Production-Quality MCP Server
Wrap a real API you actually use (Pacvue-adjacent, GitHub, Jira, or similar) in a Python MCP server with task-level tools, a resource, and a prompt — tested at three layers, hardened against bad inputs, with a sandboxed run_python tool. This is the artifact Gate G3's practical test attacks live. Starter code lives in labs/lab06-mcp-server/.
What you're building
A stdio MCP server that a stranger could clone, configure with their own credentials, and connect to Claude Desktop or Claude Code by following your README alone. At least four task-level tools (not endpoint mirrors), one resource, one prompt. Every tool description states purpose, arguments, output shape, and when not to use it. Large results paginate with explicit more-available signals; every error path returns actionable text; one destructive tool hides behind two-phase confirm; and a run_python tool executes agent code in a locked-down Docker container. Then you prove all of it with tests. Pick an API you genuinely use — a real one forces the real design decisions (which five tasks matter, what a shaped summary looks like, where pagination bites); GitHub or Jira work if work APIs are off-limits, but avoid toys — "production-quality weather wrapper" is an oxymoron on a portfolio.
Suggested structure
# server.py
import os
from mcp.server.fastmcp import FastMCP
mcp = FastMCP("my-api-server")
API_KEY = os.environ.get("MYAPI_KEY")
if not API_KEY:
raise SystemExit("MYAPI_KEY not set -- see README configuration.")
@mcp.tool()
def search_things(query: str, status: str = "open",
page: int = 1, page_size: int = 20) -> str:
"""One-paragraph purpose. Output shape. When NOT to use this.

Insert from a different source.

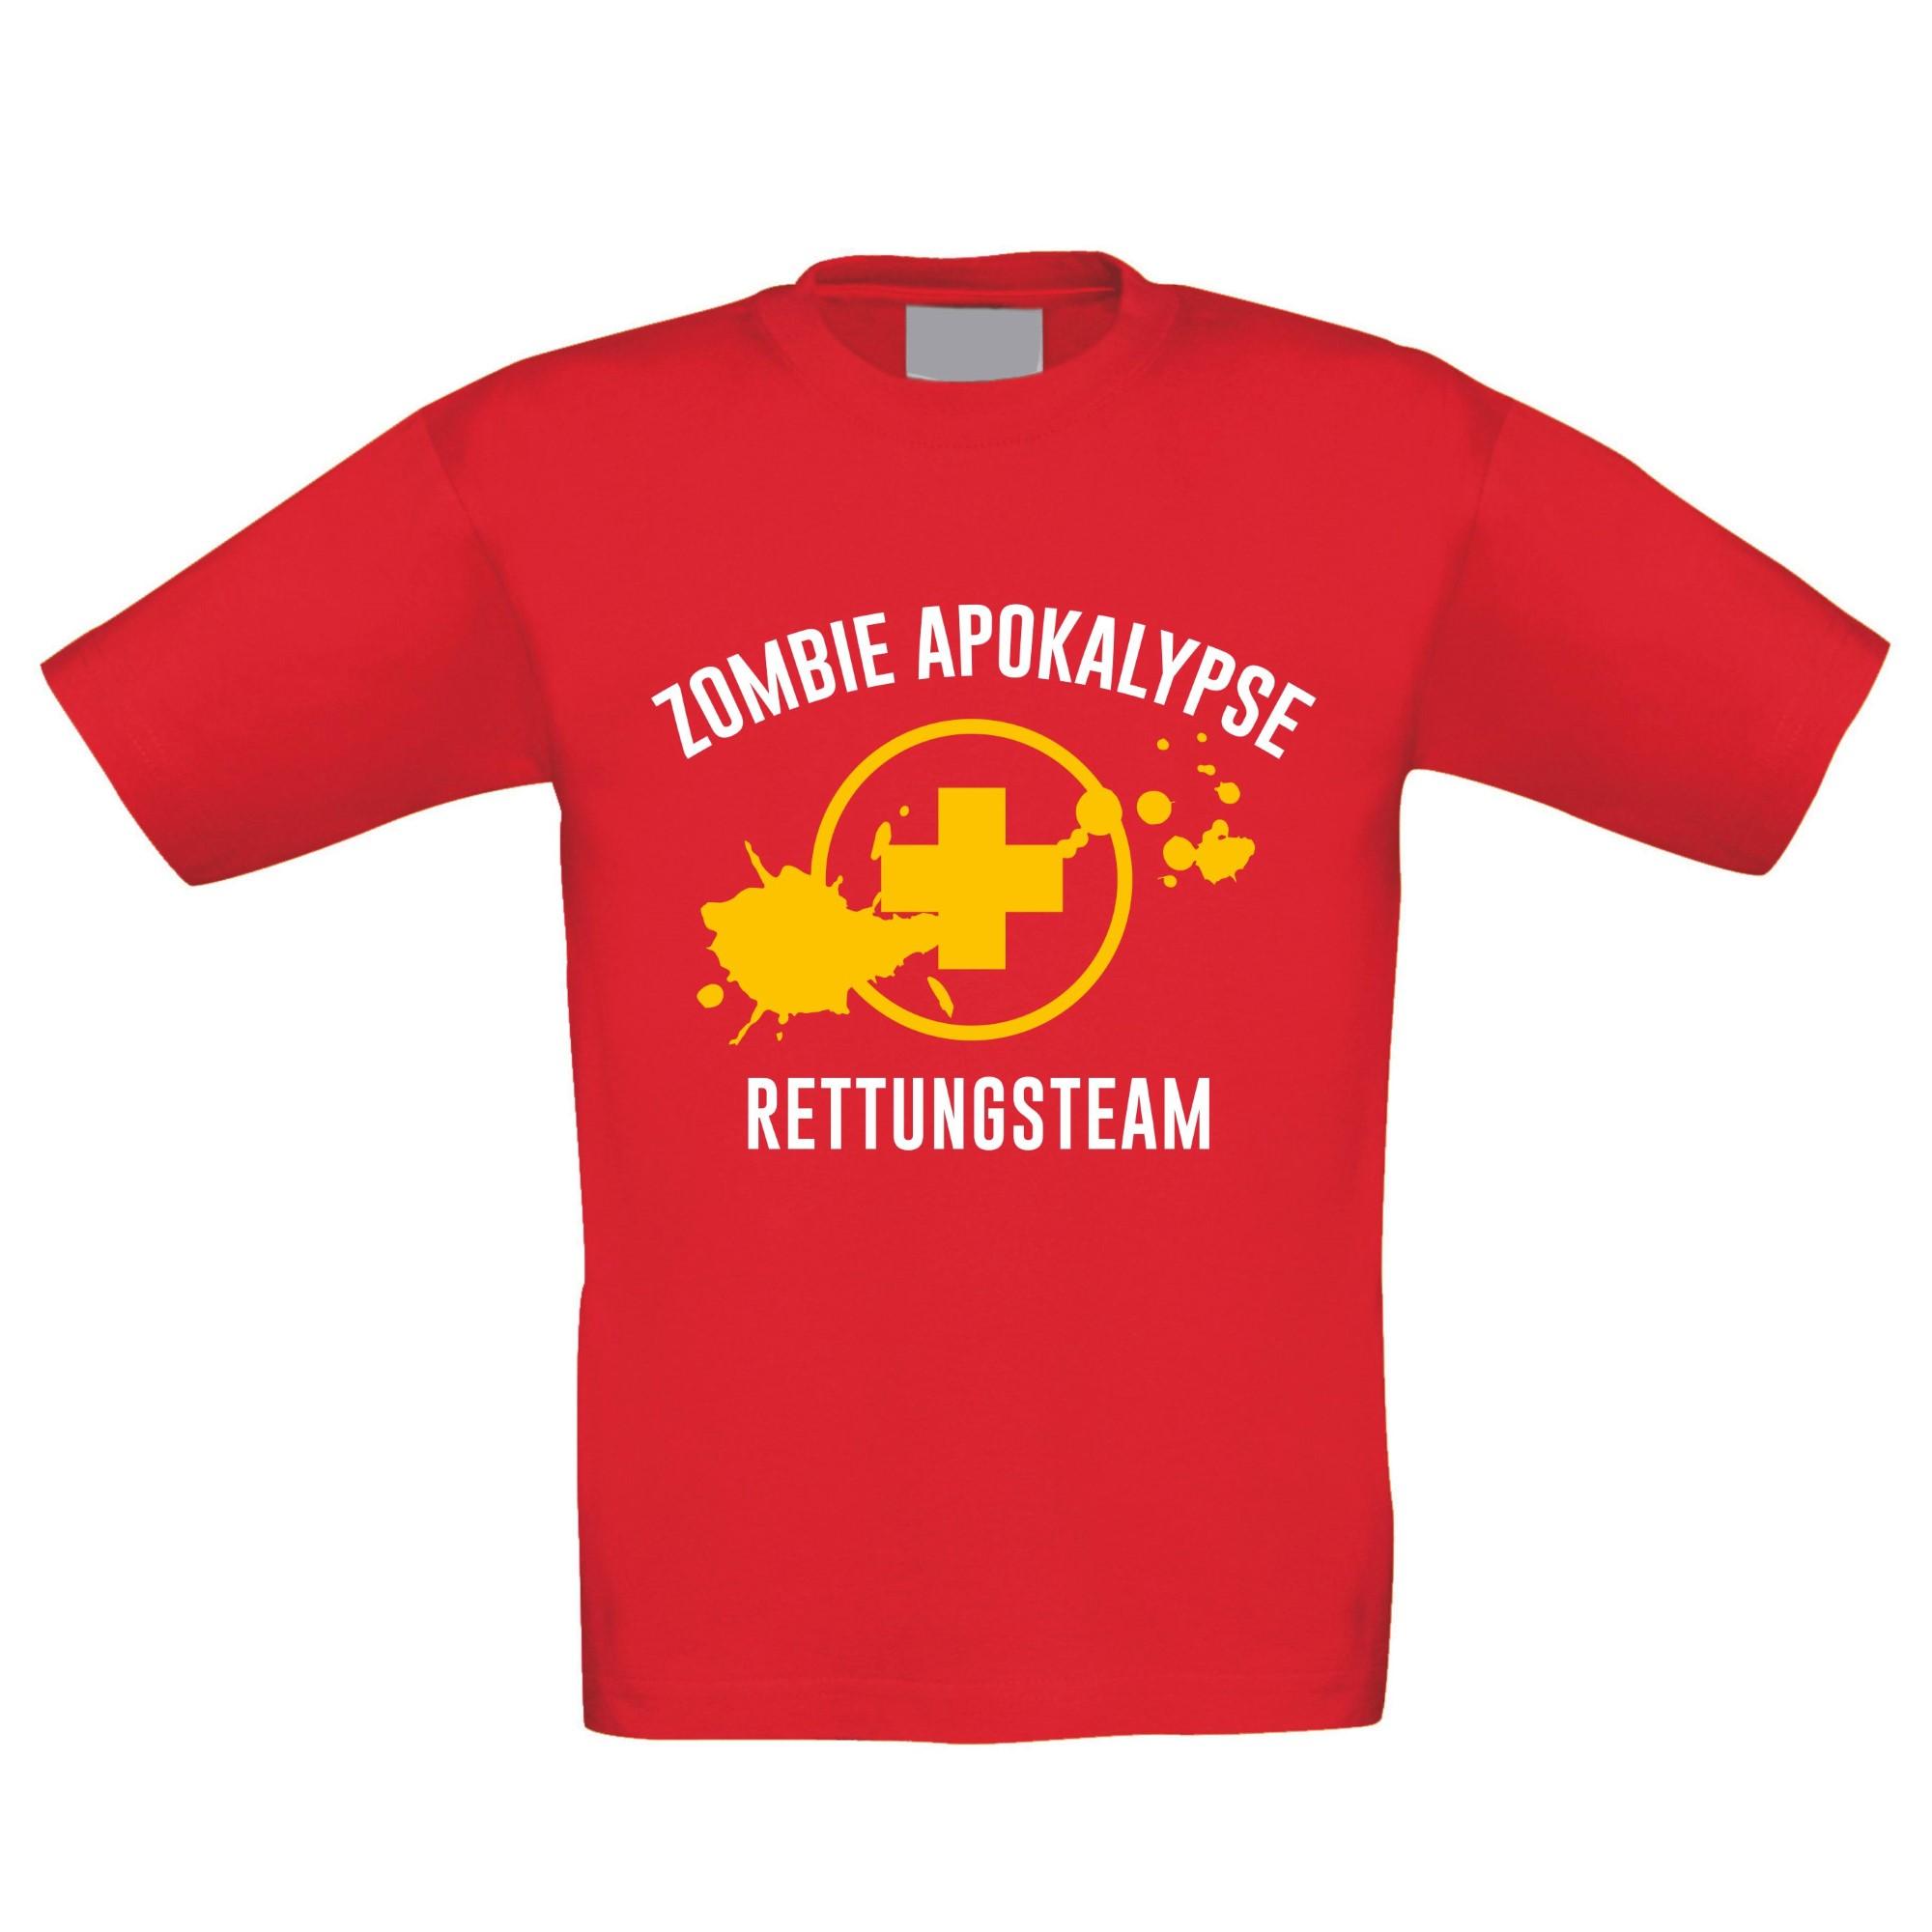 kinder-t-shirt-zombie-apokalypse-rot-gelb.jpg

Pagination contract: page_size max 50; response states if more exist."""
# TODO: call the real API; shape results into lines;
# append MORE AVAILABLE trailer when truncated;
# branch on 401/404/429 -> instructive error strings
...
@mcp.tool()
def dangerous_thing(item_id: str, confirm: bool = False) -> str:
"""DESTRUCTIVE. confirm=False returns a preview only."""
...
@mcp.tool()
def run_python(code: str, timeout_s: int = 30) -> str:
"""Sandboxed execution: docker run --rm --network none
--memory 512m, timeout, non-root, read-only. See Lesson 5."""
...
@mcp.resource("myapi://reference/statuses")
def statuses() -> str: ...
@mcp.prompt()
def investigate(item_id: str) -> str: ...
if __name__ == "__main__":
mcp.run() # stdio
# tests/test_tools.py -- unit: tool logic with the API mocked
# tests/test_protocol.py -- integration: stdio_client + ClientSession,
# initialize, list_tools, call each tool,
# assert on error strings for bad IDs
# tests/test_sandbox.py -- prove "import socket; ...connect..." FAILS,
# and that a 60s sleep is killed by timeout- ☐Python MCP server with ≥4 tools, ≥1 resource, ≥1 prompt; runs over stdio; connects to a real client (Claude Desktop or Claude Code)
- ☐Tools are task-level, not endpoint mirrors; every description states purpose, arguments, output shape, and when not to use it
- ☐Large results are paginated with explicit "more available" signals; all errors return as actionable messages (tested: wrong ID, expired auth, rate limit)
- ☐Credentials come via env vars; one destructive tool is gated behind a confirm: true parameter, documented
- ☐Test suite: unit tests for tool logic plus an integration test speaking the MCP protocol
- ☐A run_python sandboxed-execution tool — Docker container, no network, 512MB/30s limits — with a test proving socket-connect code fails
- ☐README with client setup instructions someone else could follow cold
- ◇Serve the same server over streamable HTTP behind bearer-token auth, and document the trust-model differences from stdio in the README
- ◇Add response-budget telemetry: log tokens-returned per tool call, and use a week of your own usage to tune page sizes and truncation caps
- ◇Swap the Docker sandbox for a hosted sandbox service (E2B or similar) behind the same tool interface, proving the isolation tests still pass unchanged
Be honest — the gates only mean something if the criteria really pass.